• **PROBLEM**:
Write out exactly the lines from the one with "Free Rental Space" through the last line of the data below, but not the pictures.

• **RECORDED DATA**:
§

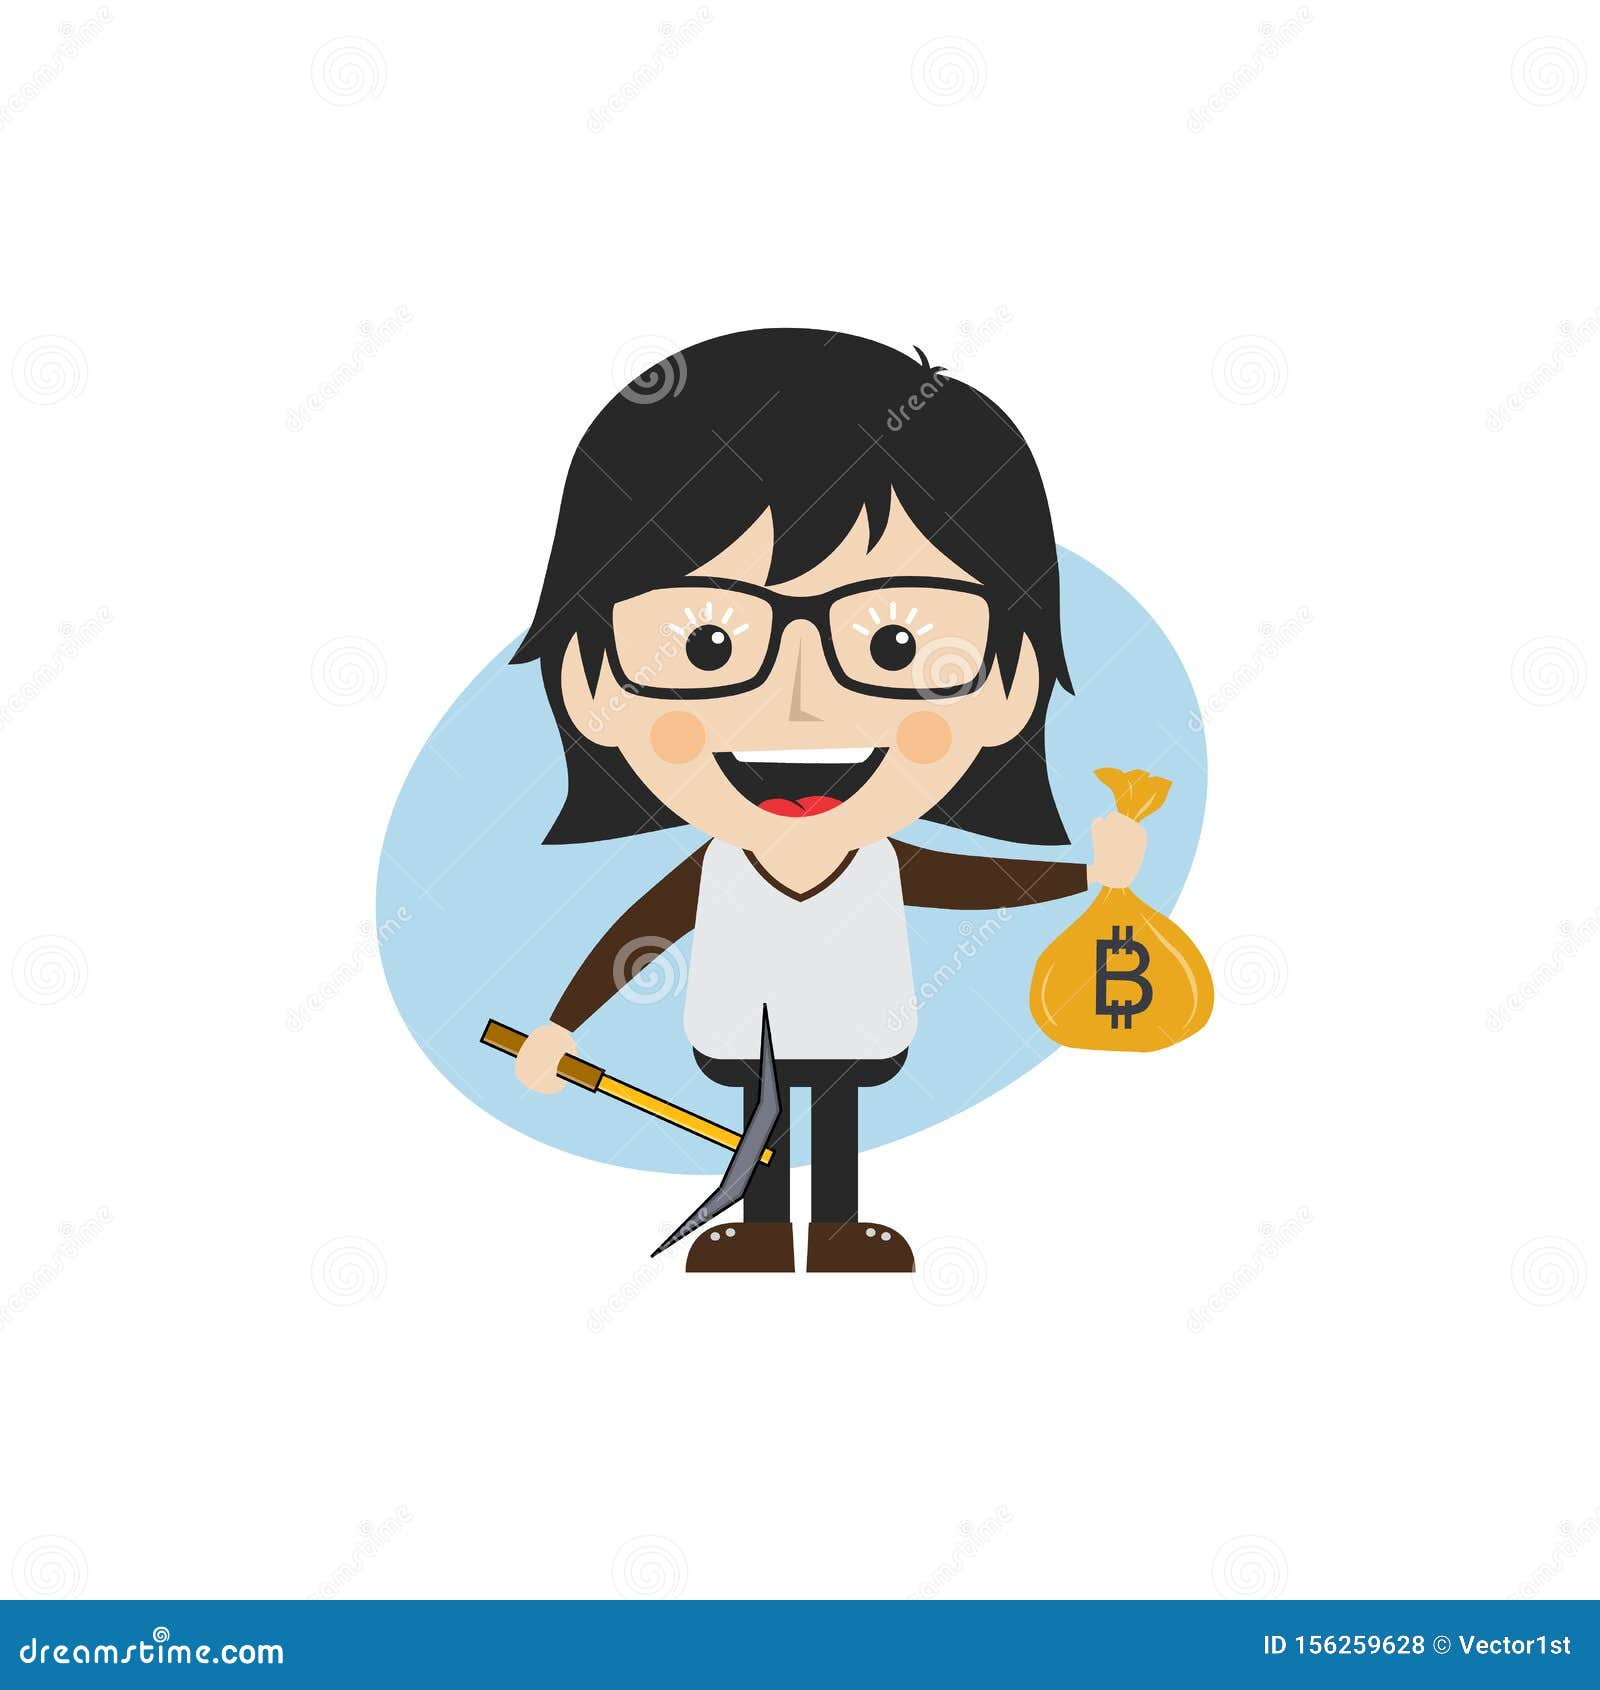 crypto cartoon woman gravator
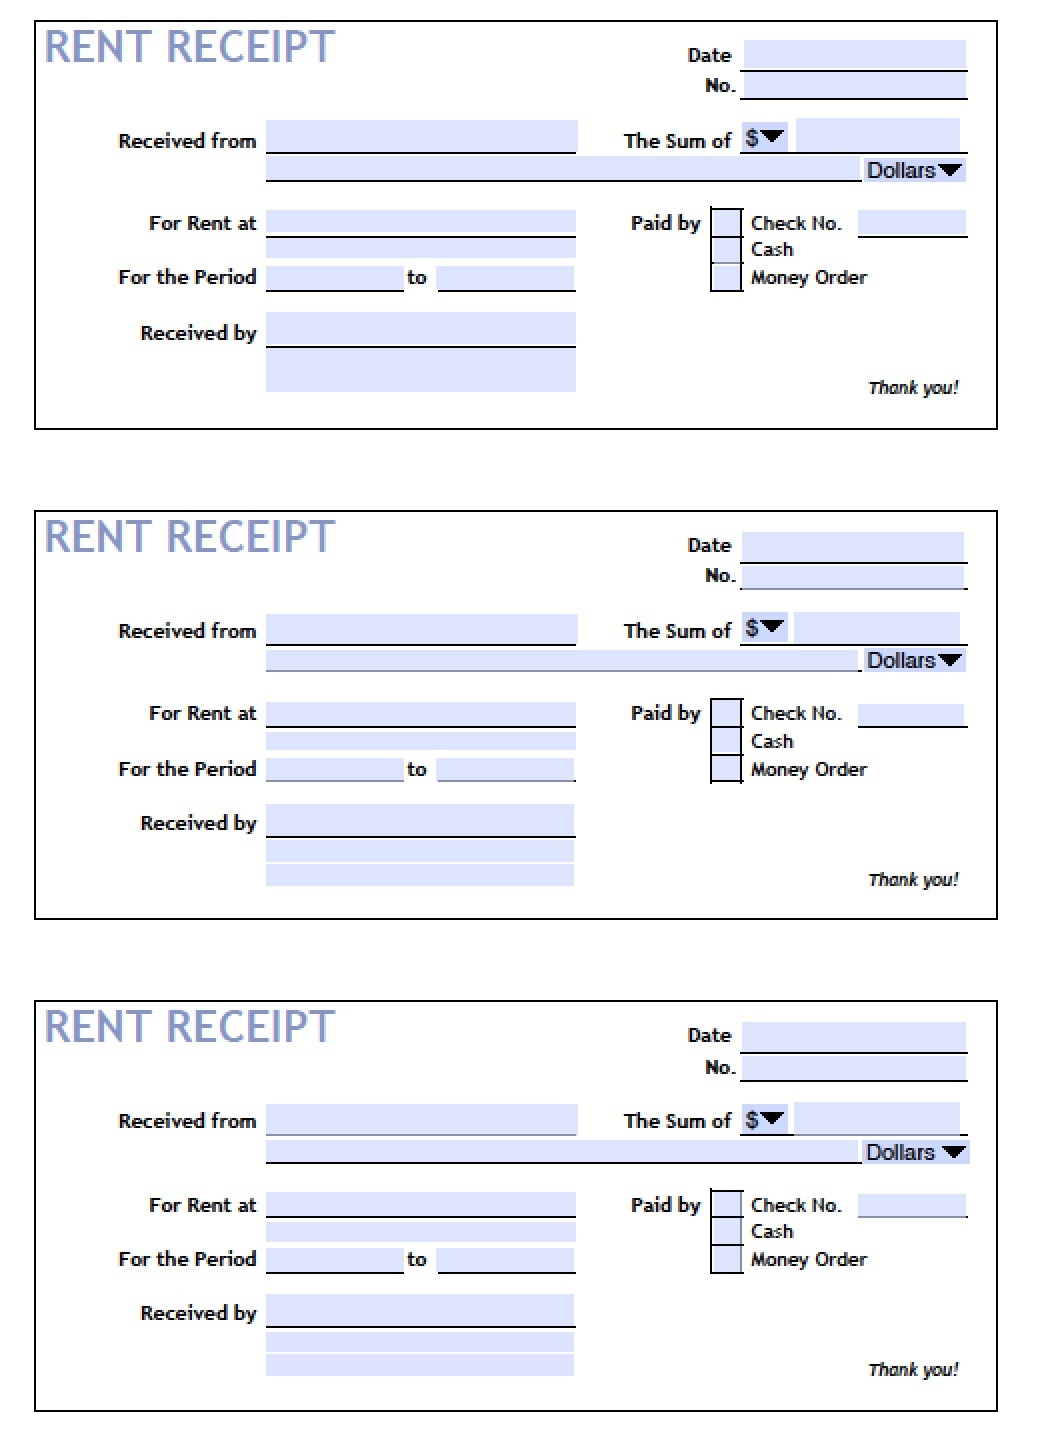 Free Rental Space Receipt Template Pretty Receipt Forms
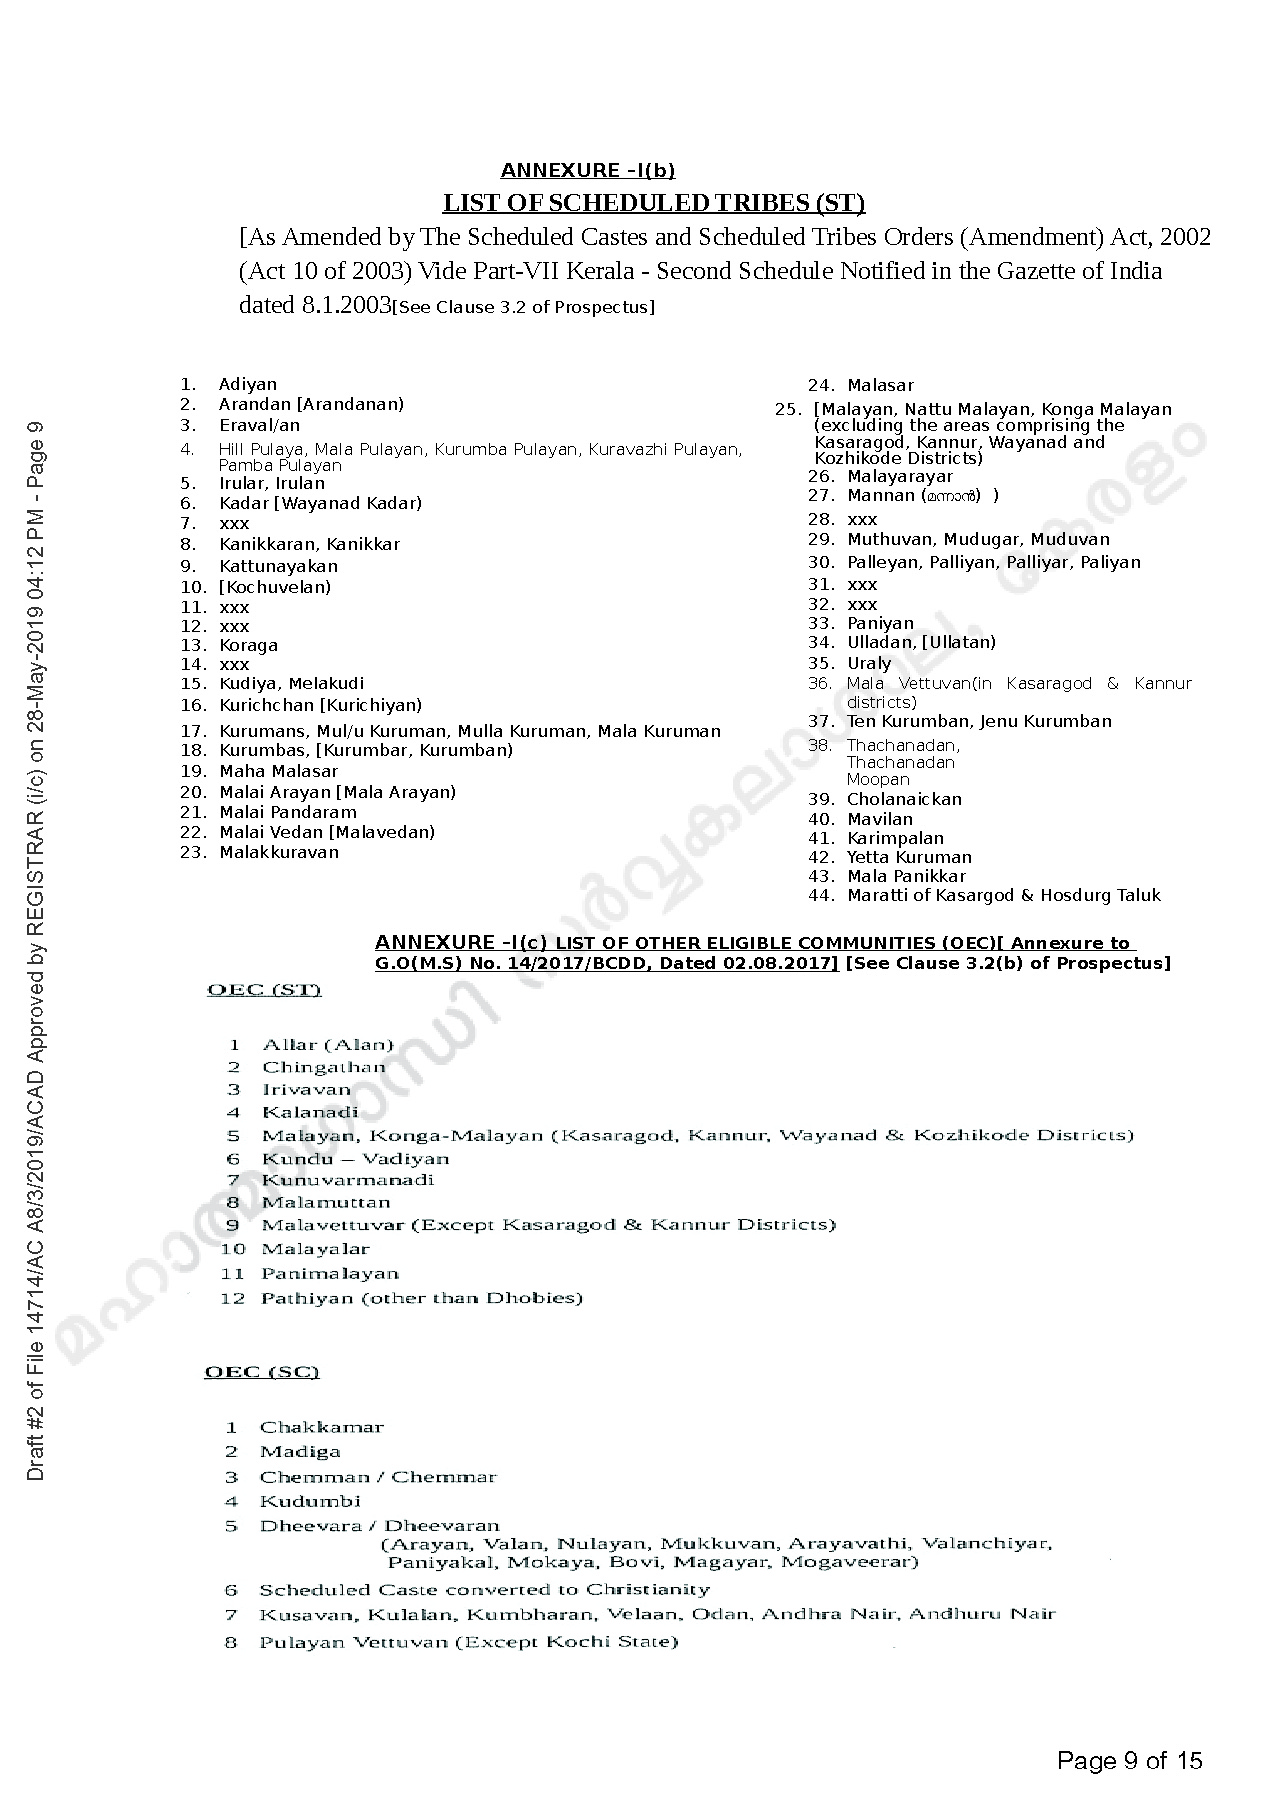 MG University M Ed Prospectus and Application form 2019 2020 - Notification Image 7

§

• **YOUR SOLUTION**:
 Free Rental Space Receipt Template Pretty Receipt Forms
 MG University M Ed Prospectus and Application form 2019 2020 - Notification Image 7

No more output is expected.